= Aim of the task =
Using the records that appear below, write out exactly the lines from the one with "Nike Championship Drive" through the one with "Старый проулок в марте. Фото Евпатории", keeping both end lines.

= Records to process =
>>>

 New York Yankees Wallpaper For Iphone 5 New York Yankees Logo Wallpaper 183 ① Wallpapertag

<<<
>>>

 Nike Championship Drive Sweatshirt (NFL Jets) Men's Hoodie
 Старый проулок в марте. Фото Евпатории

<<<

= Response area =
 Nike Championship Drive Sweatshirt (NFL Jets) Men's Hoodie
 Старый проулок в марте. Фото Евпатории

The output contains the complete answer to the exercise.